(Beginning of PROVIDED MATERIAL)

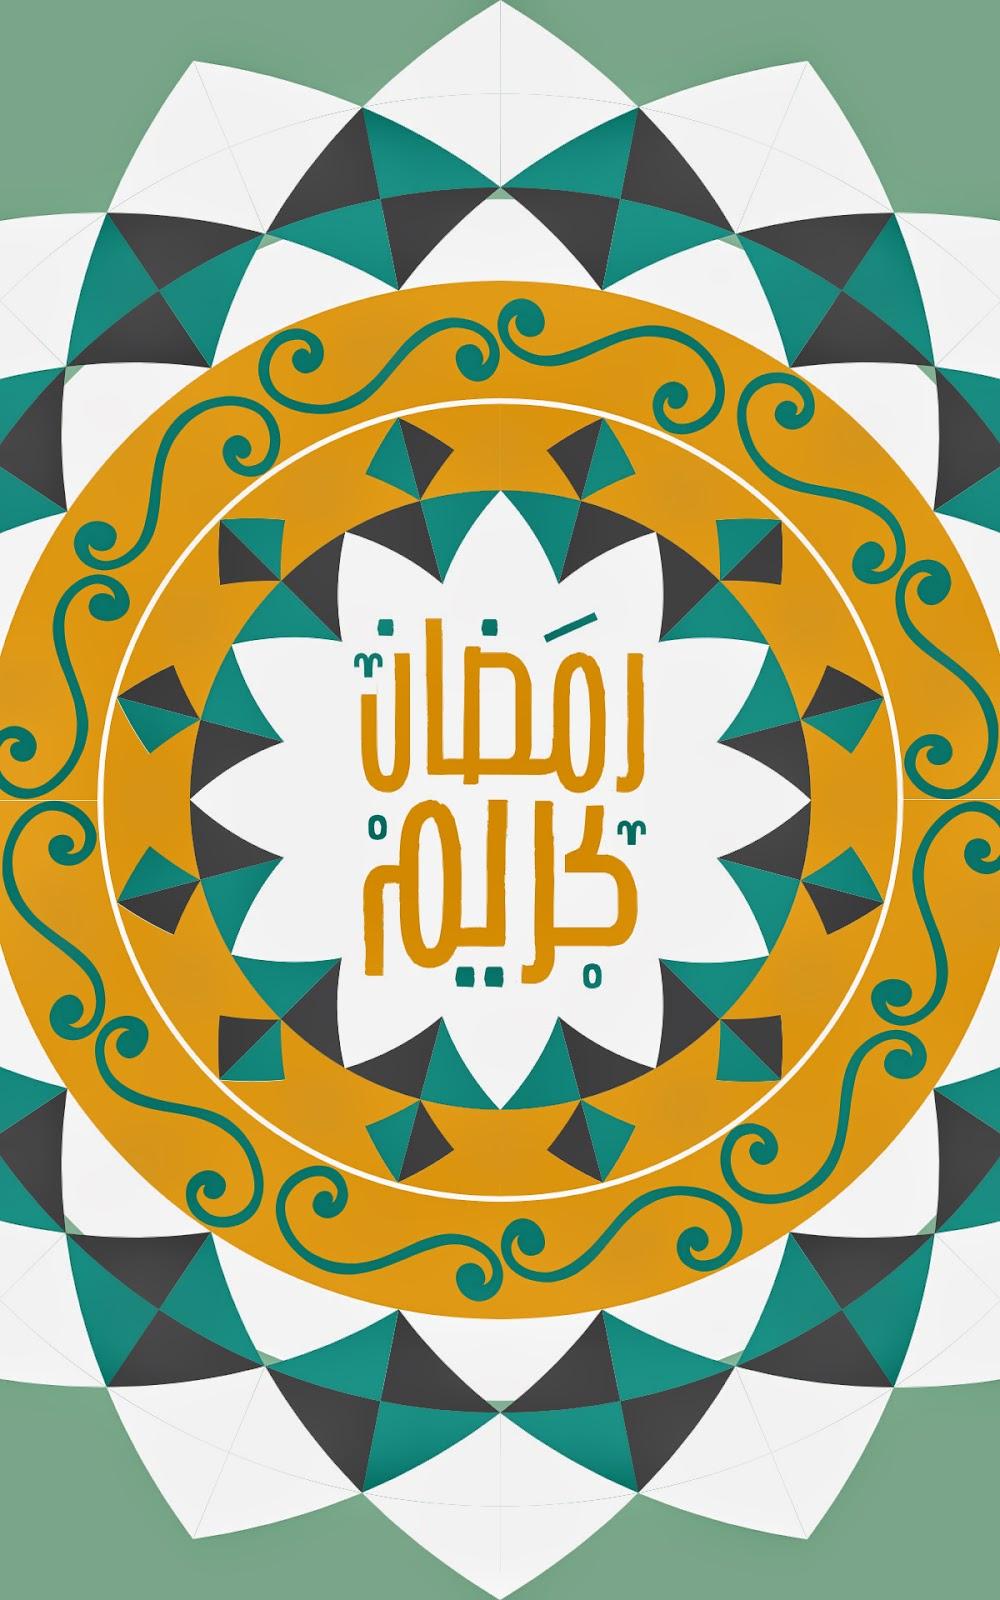 13 3 - أحدث وأروع الخلفيات الدينية لشهر رمضان المعظم لجوالات الآيفون
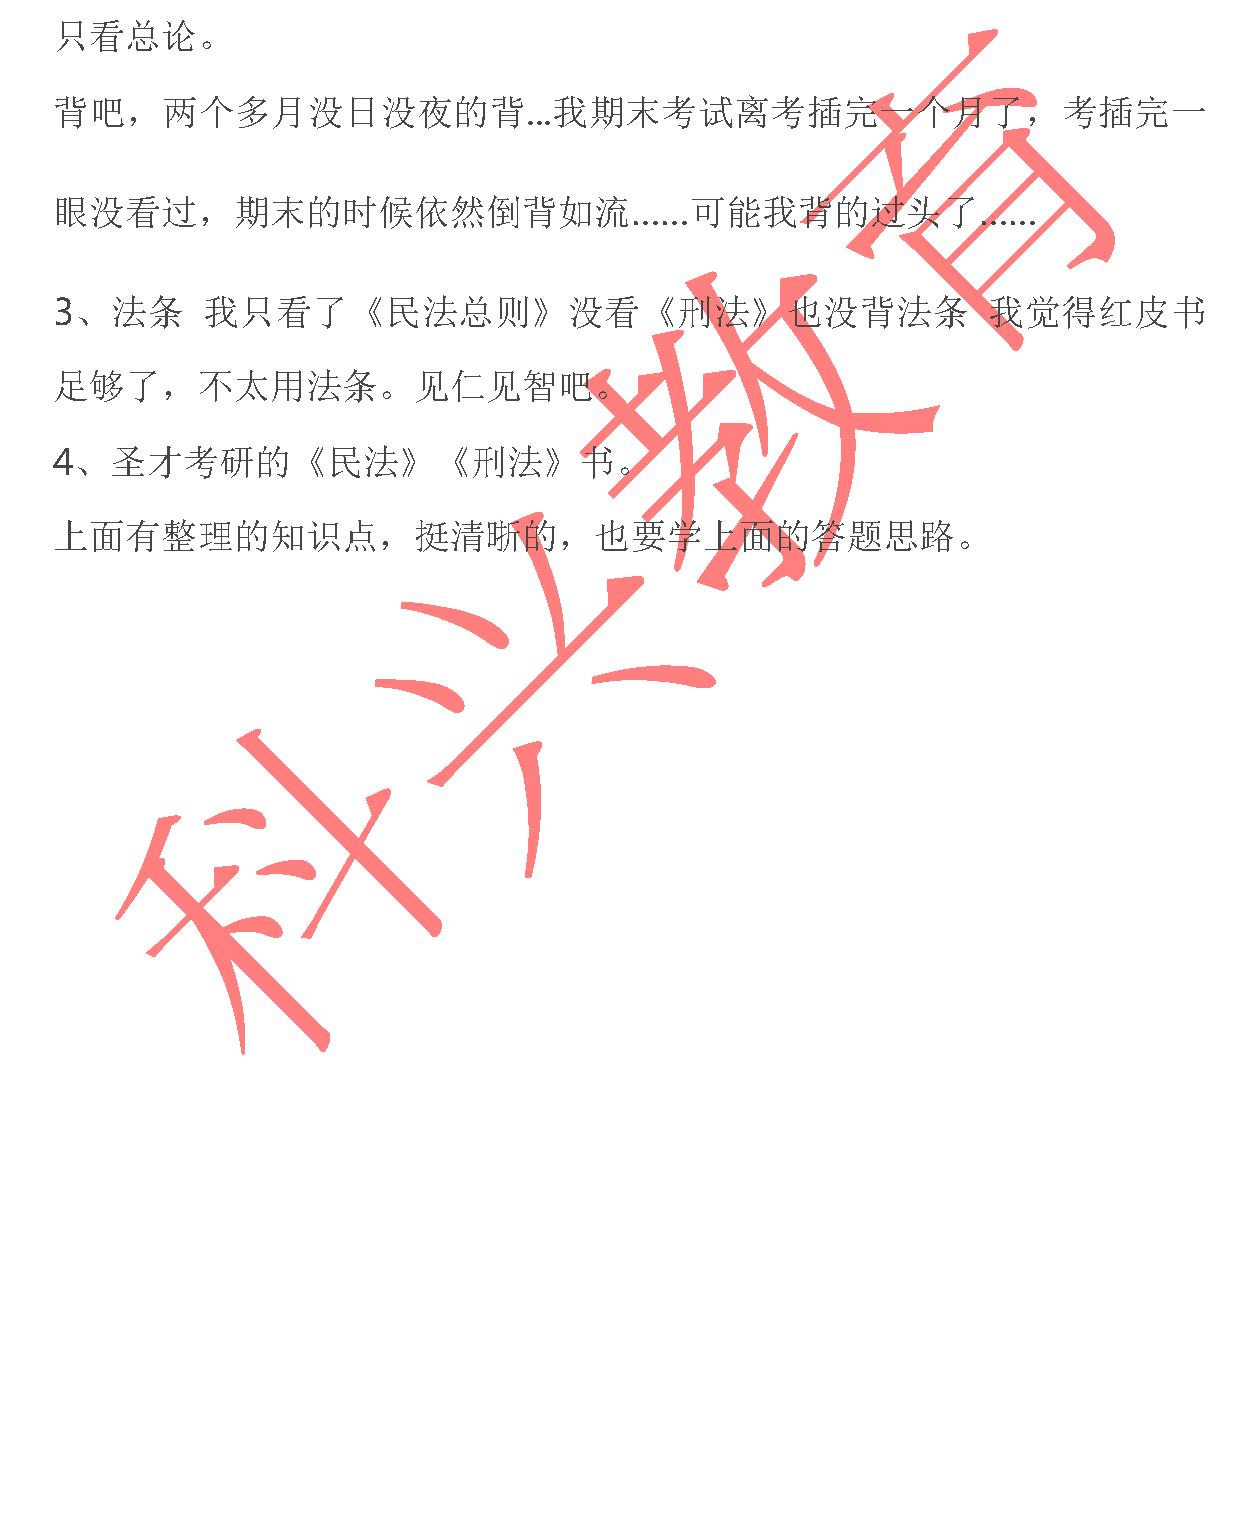 交大王博含:去摘最亮的星星(17届)
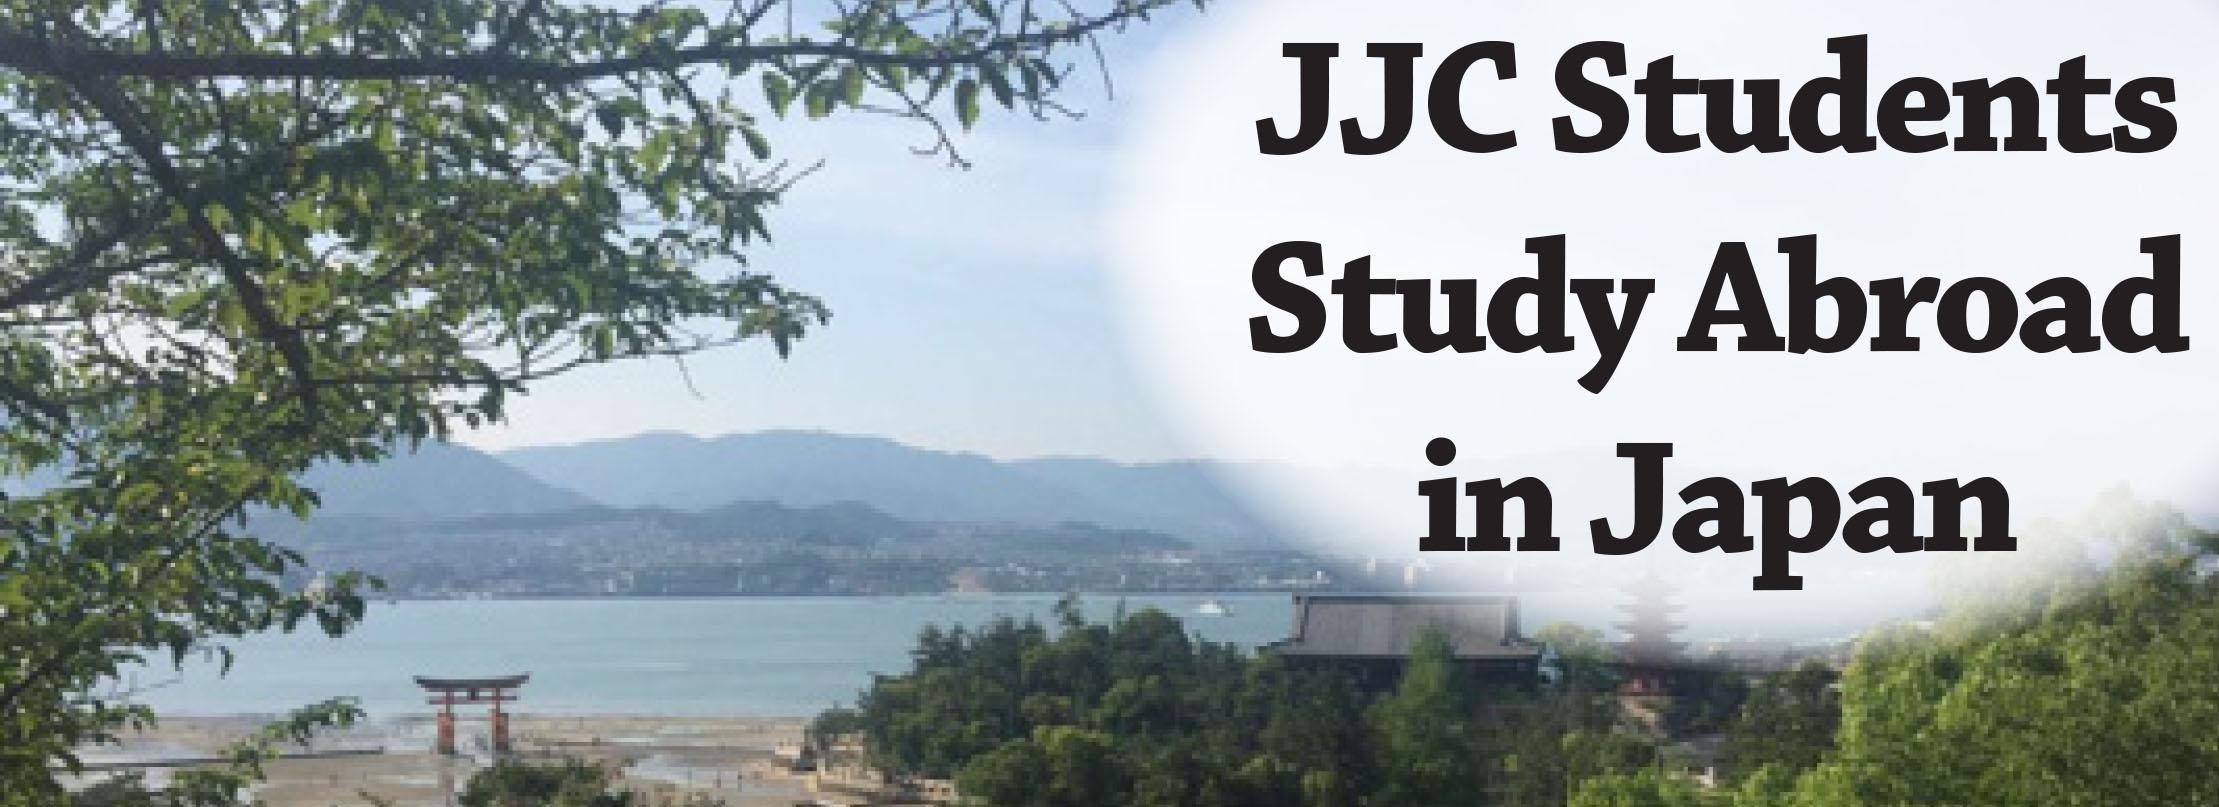 JJC Students Study Abroad Matsuyama Japan

(End of PROVIDED MATERIAL)

- **WORK ITEM**:
The final stretch of the data, from the line with "交大王博含:去摘最亮的星星(17届)" through its last line, is to be retyped exactly; pictures are not part of the copy.

- **REPLY TO THE TASK**:
 交大王博含:去摘最亮的星星(17届)
 JJC Students Study Abroad Matsuyama Japan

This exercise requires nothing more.